▶ Exercise requirements: Every line of the listing must be reproduced as it stands. Leave the images behind.

▶ Source material:
● ● ●

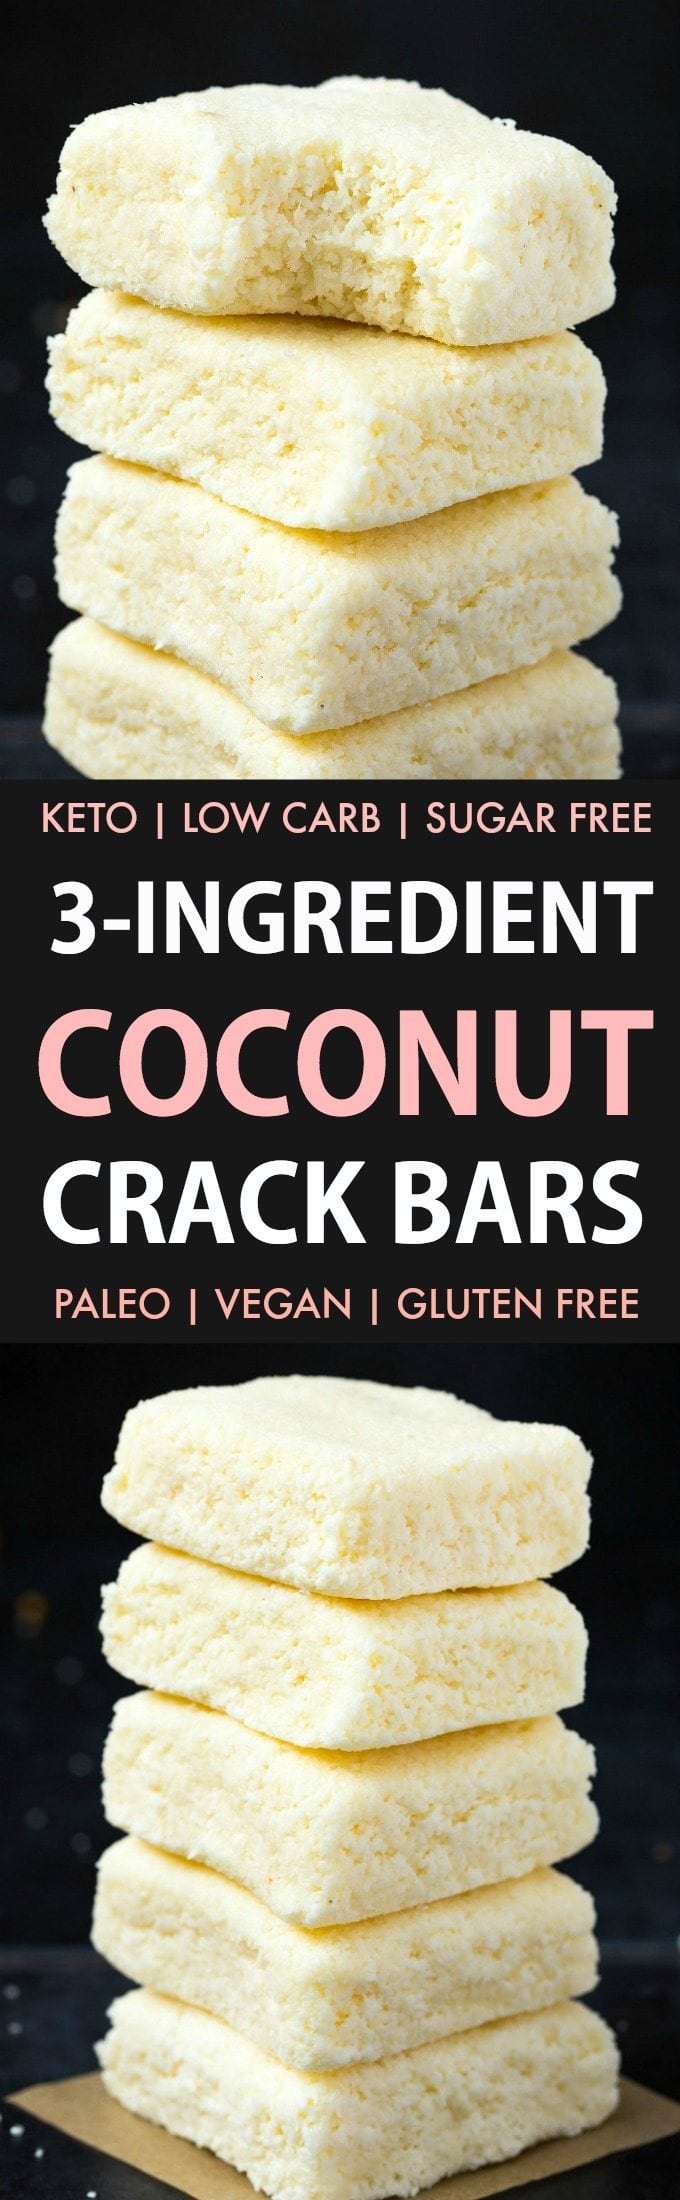 3-Ingredient No Bake Coconut Crack Bars in a collage
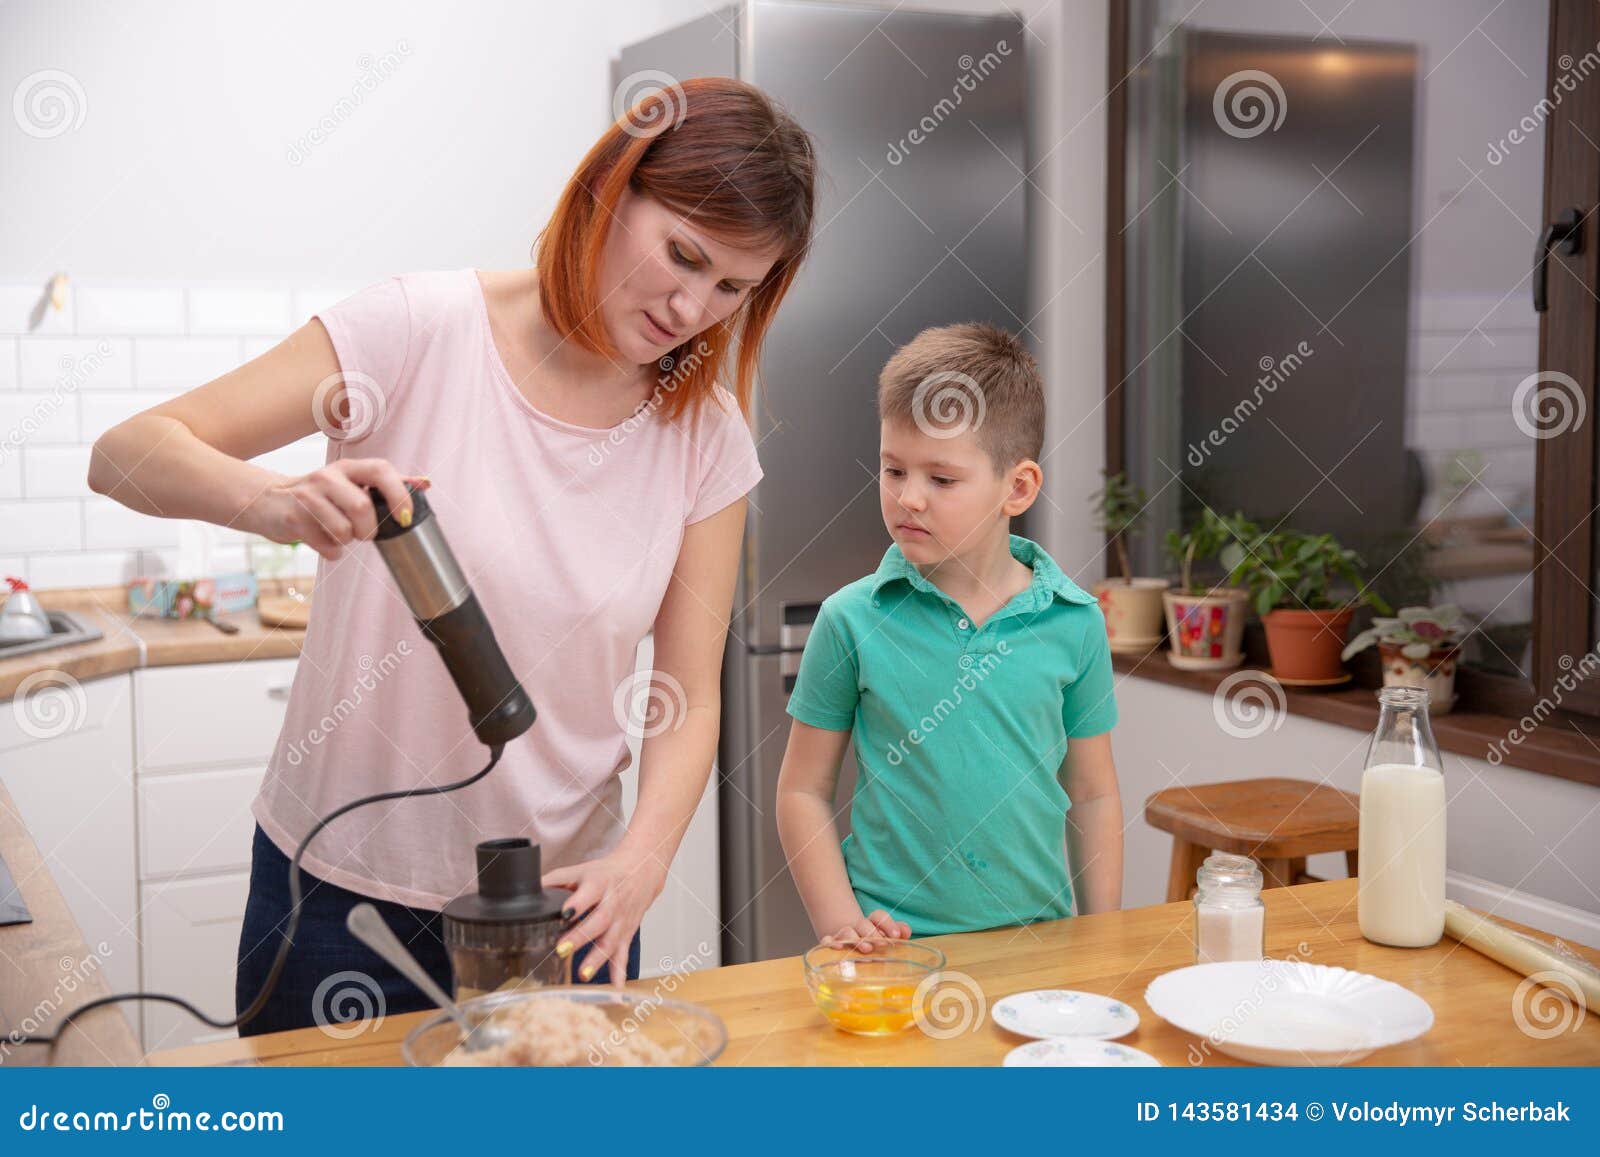 Little Boy Helping His Mother With The Cooking In The Kitchen Stock
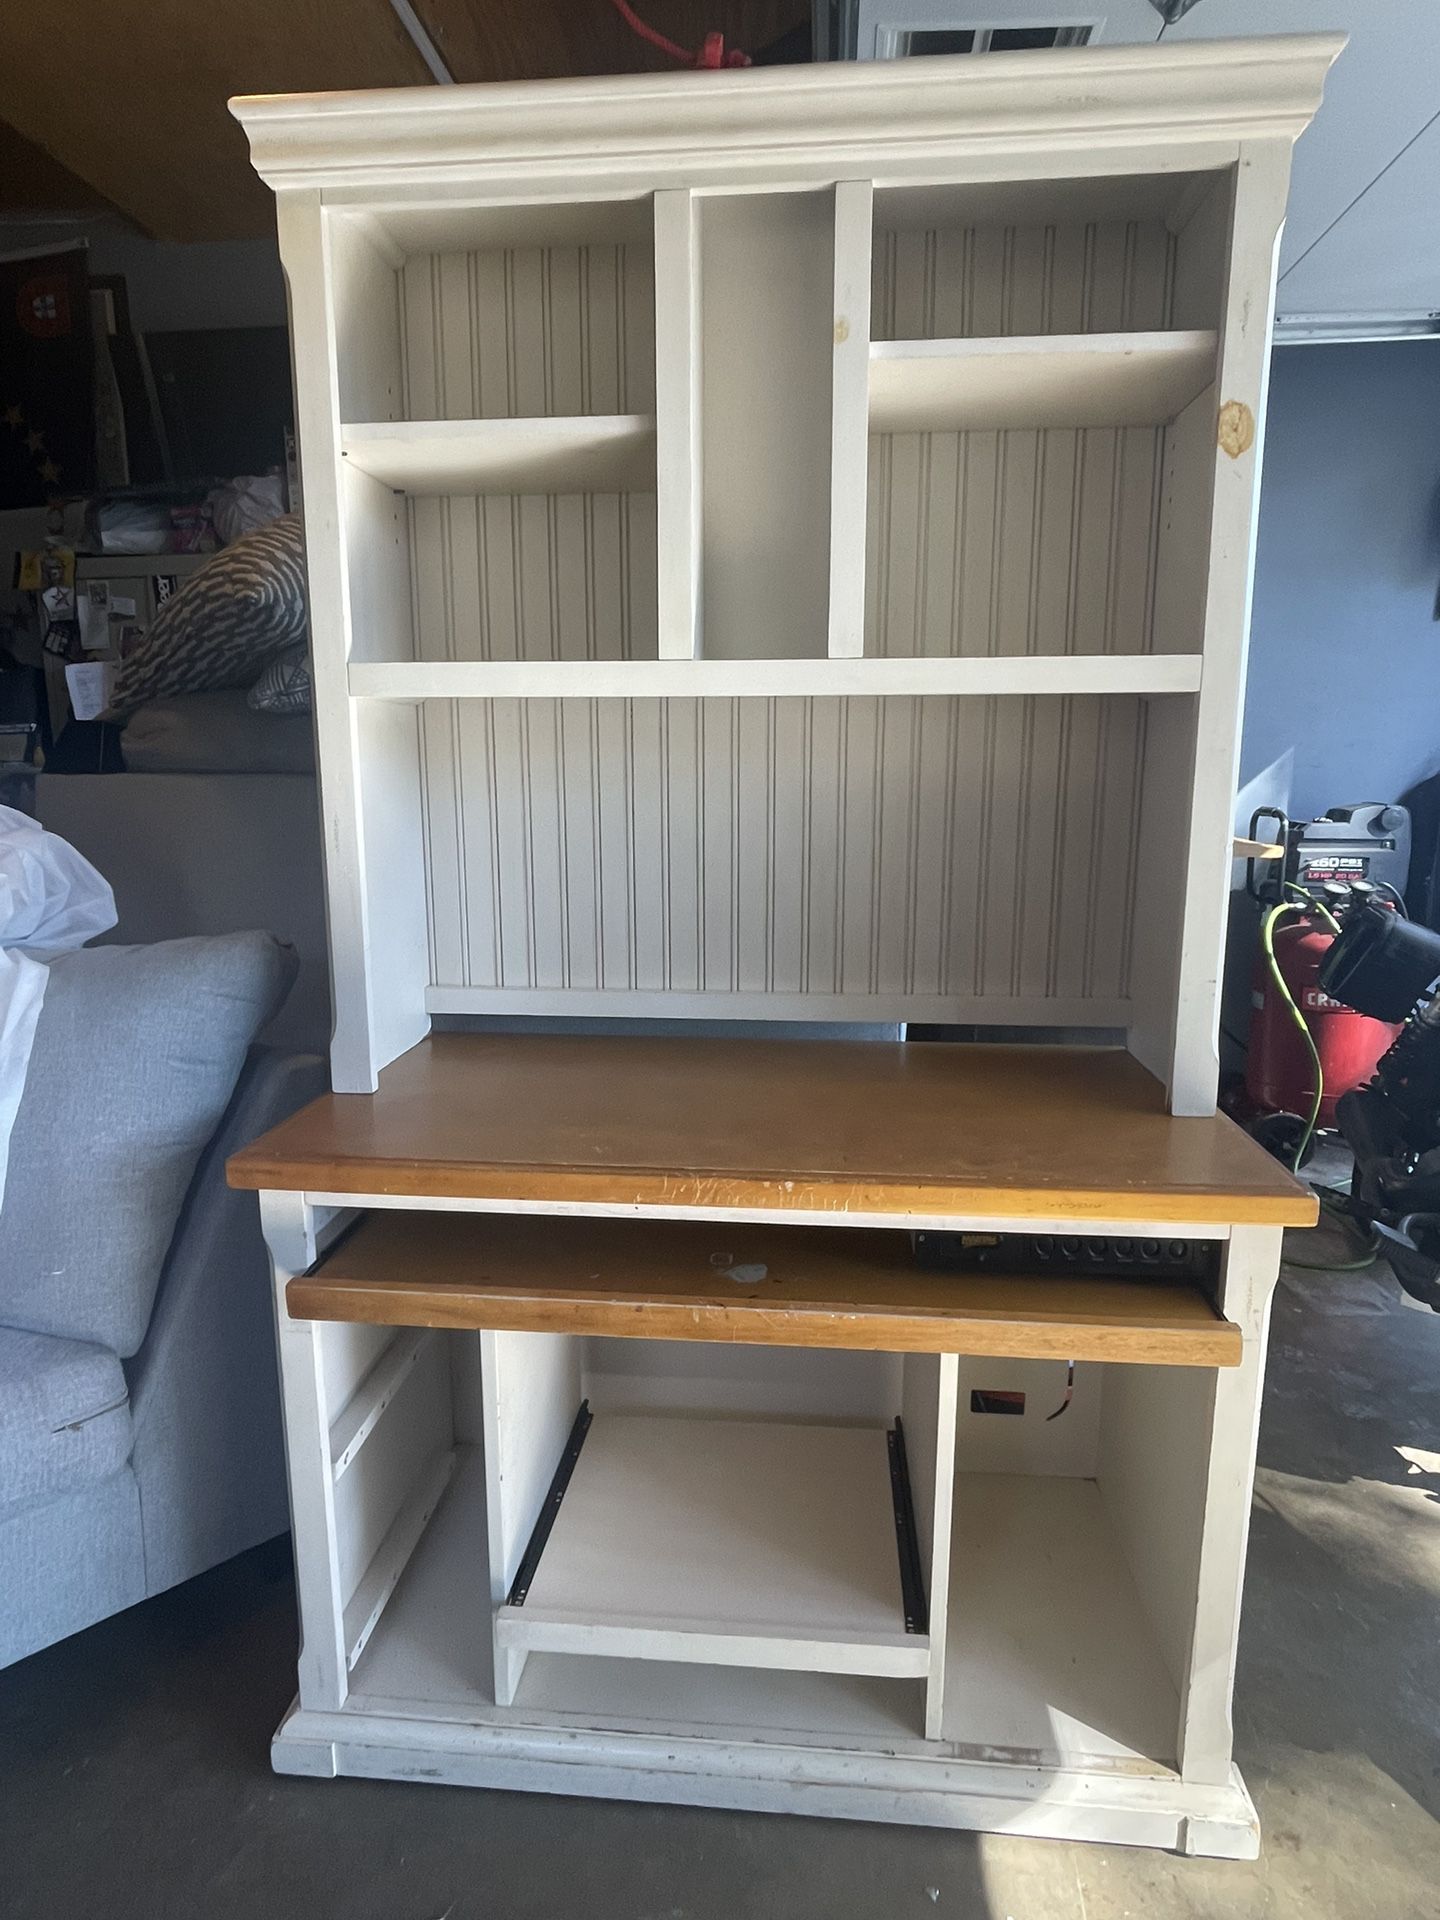 Must Go! Perfect For Small Spaces! Pottery Barn Solid Wood Computer Desk with Hutch
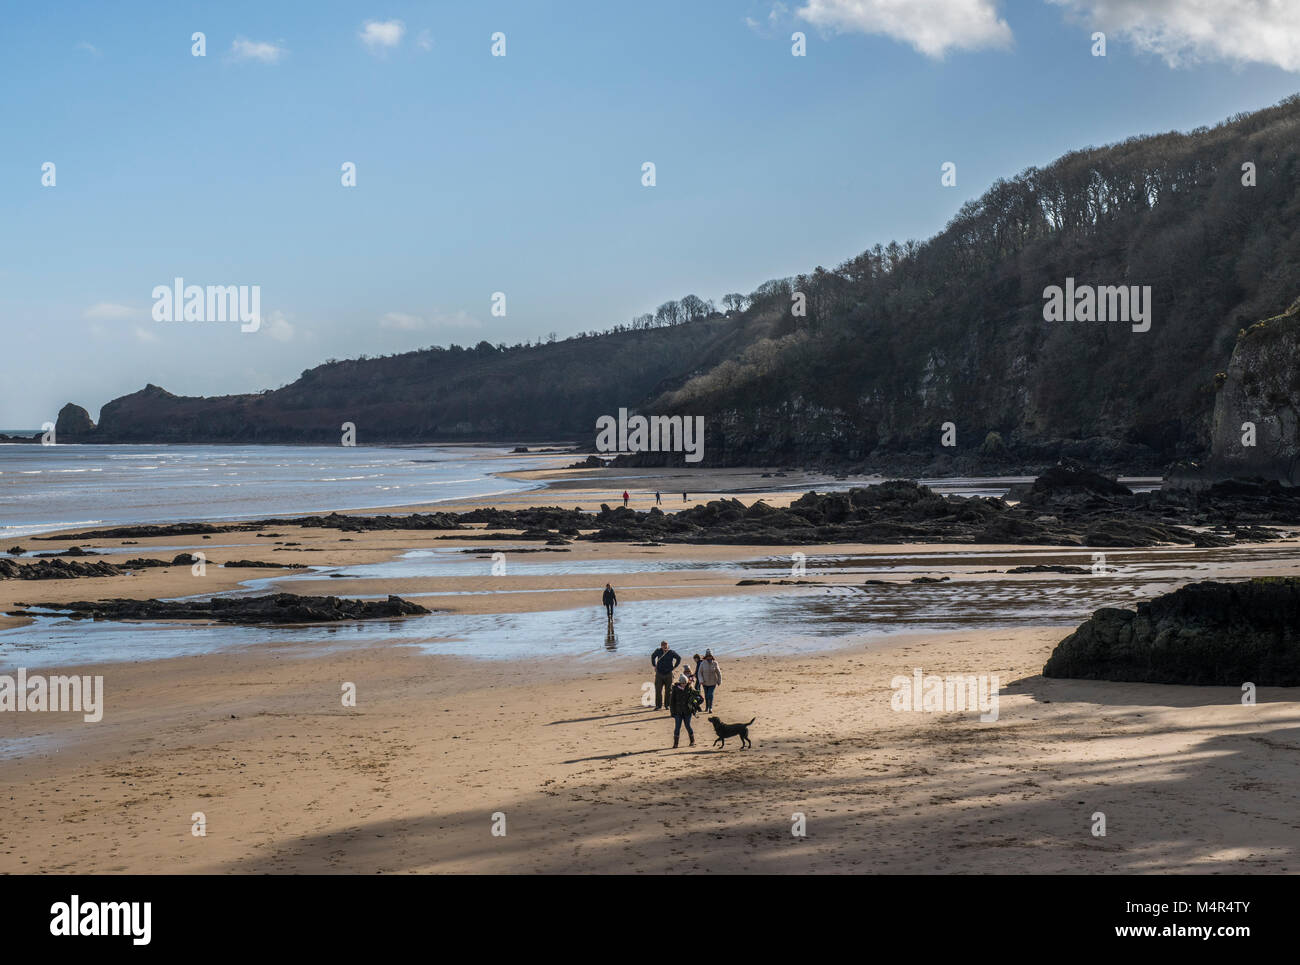 Saundersfoot Beach on the Pembrokeshire Coast, West Wales, with people walking on the sands. Stock Photo

● ● ●

▶ Output for this task:
 3-Ingredient No Bake Coconut Crack Bars in a collage
 Little Boy Helping His Mother With The Cooking In The Kitchen Stock
 Must Go! Perfect For Small Spaces! Pottery Barn Solid Wood Computer Desk with Hutch
 Saundersfoot Beach on the Pembrokeshire Coast, West Wales, with people walking on the sands. Stock Photo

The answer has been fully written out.